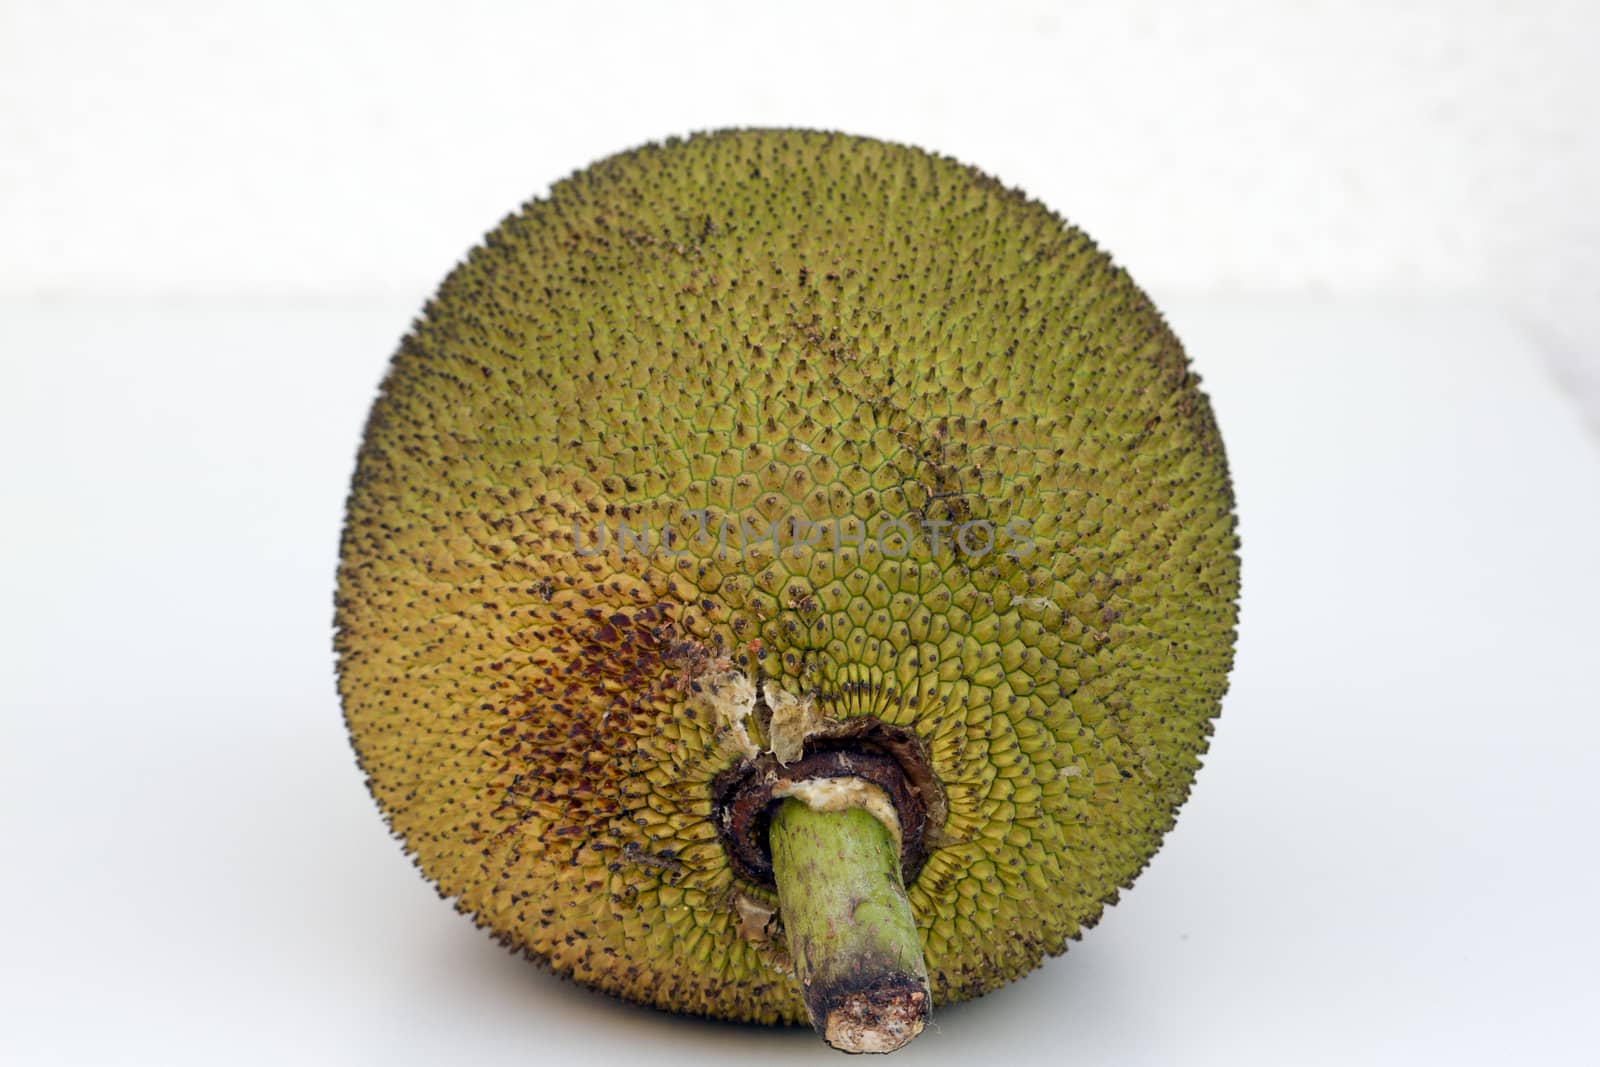 Giant jackfruit of South East Asia India Goa.
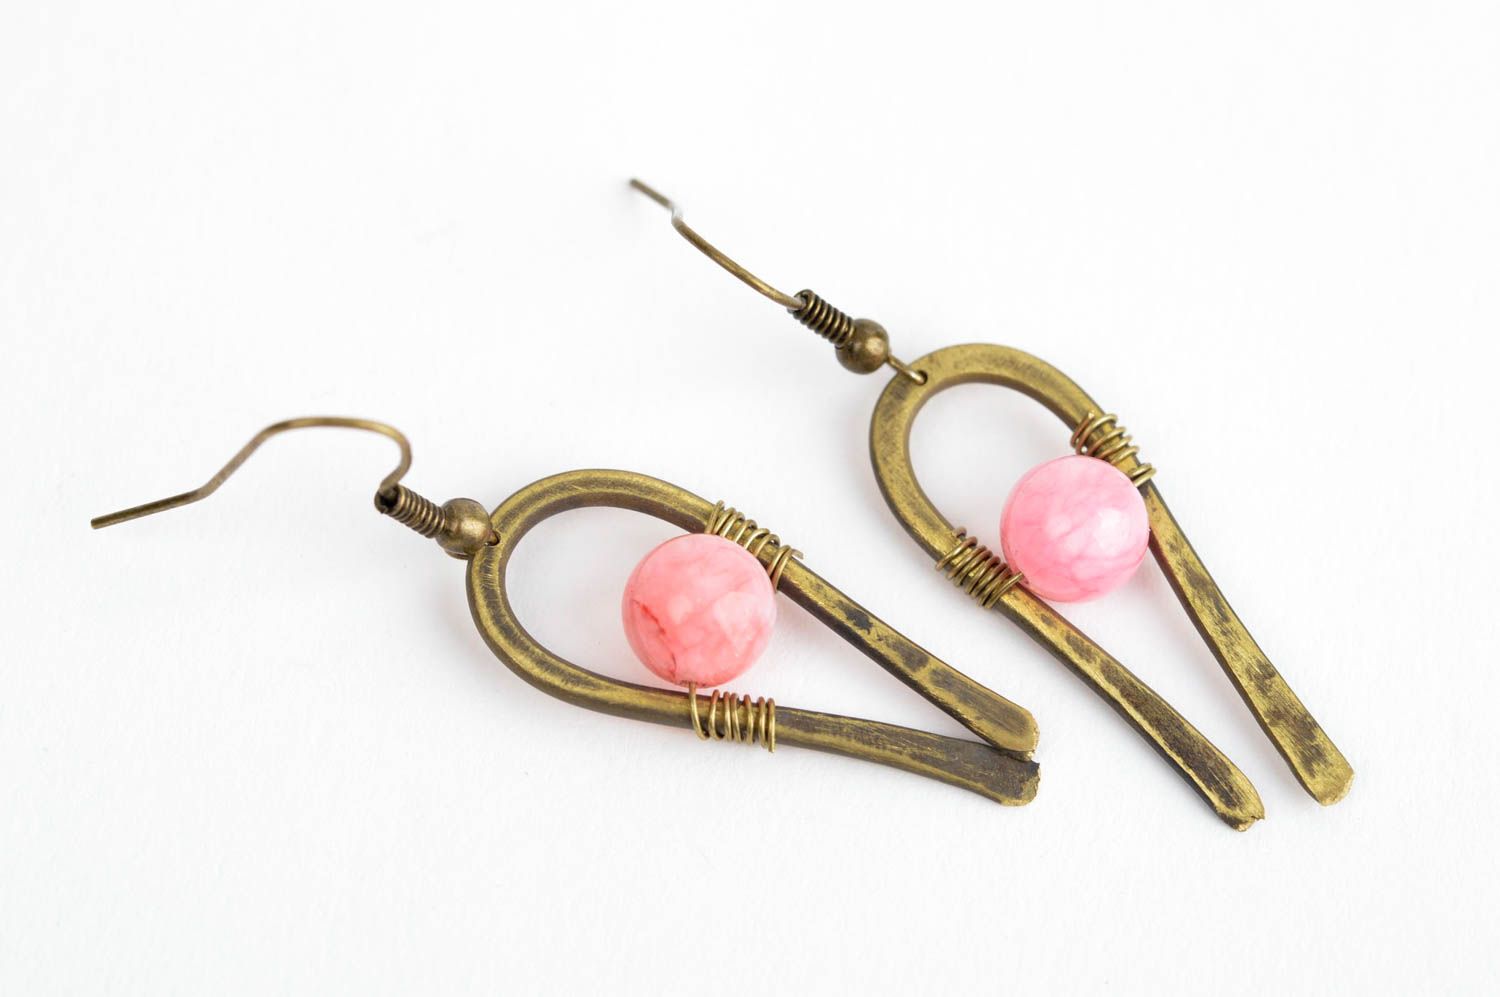 Womens handmade metal earrings cool earrings costume jewelry designs gift ideas photo 3
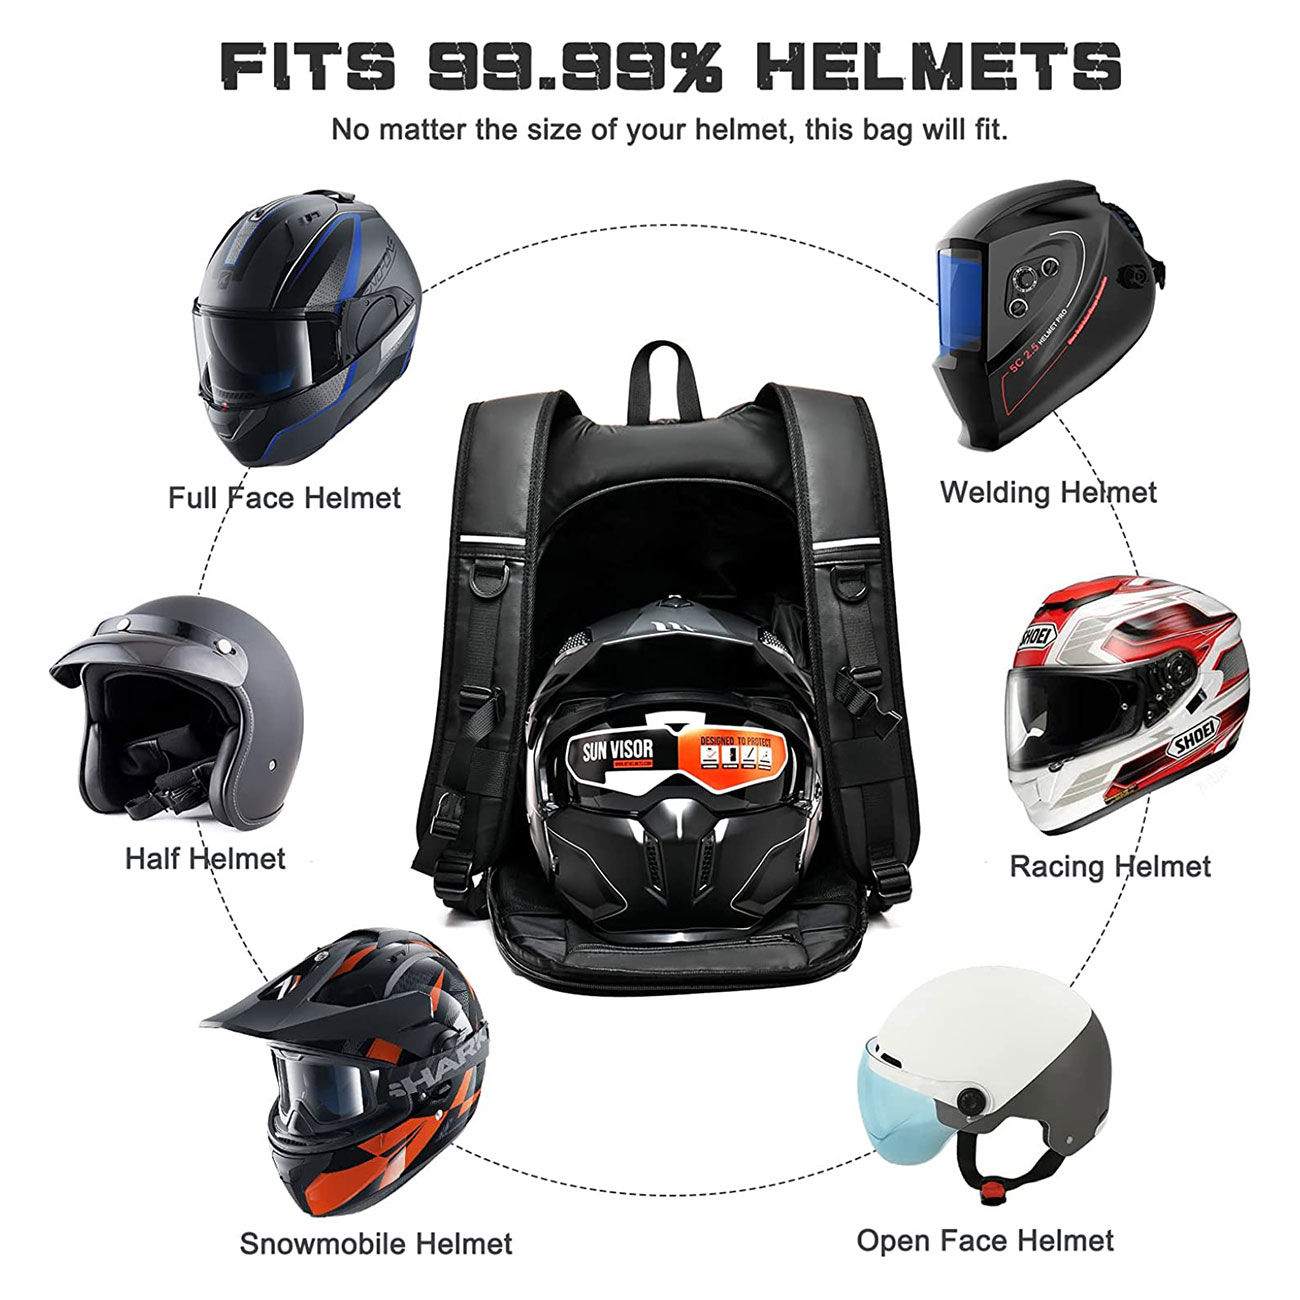 Waterproof Motorcycle Backpack - Perfect for Men Riders - Essential  Motorcycle Accessories!

§ §

**What to do:** Working from the line that contains "Womens handmade metal" to the last line of the listing, please quote each line exactly, pictures excluded.

**Result for this task:**
 Womens handmade metal earrings cool earrings costume jewelry designs gift ideas photo 3
 Waterproof Motorcycle Backpack - Perfect for Men Riders - Essential  Motorcycle Accessories!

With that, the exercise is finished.